RUSS 241: Dostoyevsky. 3 hours. Instructor: Dr. Matthew Kendall.
Selected short stories and novels. Taught in English.

RUSS/GWS 244: Women in Russian Literature. 3 hours. Instructor: Dr. Julia Vaingurt.
This course examines genres, themes, and styles of writing popular among women readers and writers, as well as identifies those writers who choose to defy literary conventions and create outside the domains allotted to women. Students will gain understanding of both gender theory and Russian culture by analyzing women’s self-perception and its rendering in literary form. The authors studied come from different walks of life, social classes, and political identities, and yet most are united by the tendency to question the patriarchal social order and gender normativity.

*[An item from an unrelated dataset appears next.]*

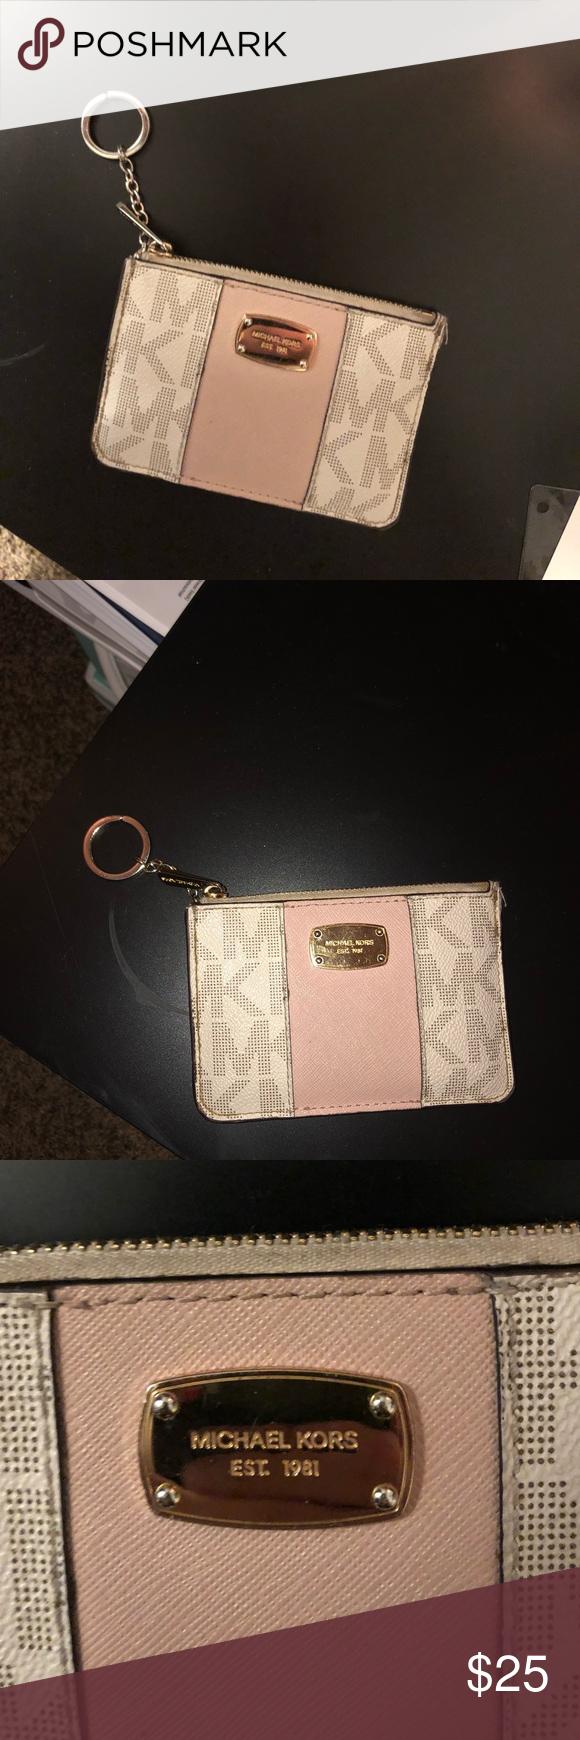 Michael Kors Wristlet Wallet In 2020 Michael Kors Wristlet Wristlet Wallet Simple Wallet

We will study the context for the practice of women reading and writing through the prism of such central Russian literary texts as Eugene Onegin and Anna Karenina. All reading materials, lectures, and discussions are in English. No knowledge of Russian is required.

RELS/JST/CL 225: Topics in Muslim-Jewish Relations. 3 hours. Instructor: Dr. Izzet Coban.
“Intellectual Encounters and Intertwined Histories” This course explores the intricate relationship of Judaism and Islam from the rise of Islam until the end of the 20th century. Their shared history is characterized by a dynamic interplay of exchange, imitation, dialogue and conflict. Unlike other approaches, this course adopts a regional survey, examining how these two rich religious traditions interacted across various cities and regions of the Islamic world. Moreover, the course offers insights into the intellectual crossroads between Muslims and Jews, particularly in the second half of the semester, where we focus on the intersections of their thought in areas like hermeneutics, theology, philosophy, law and mysticism.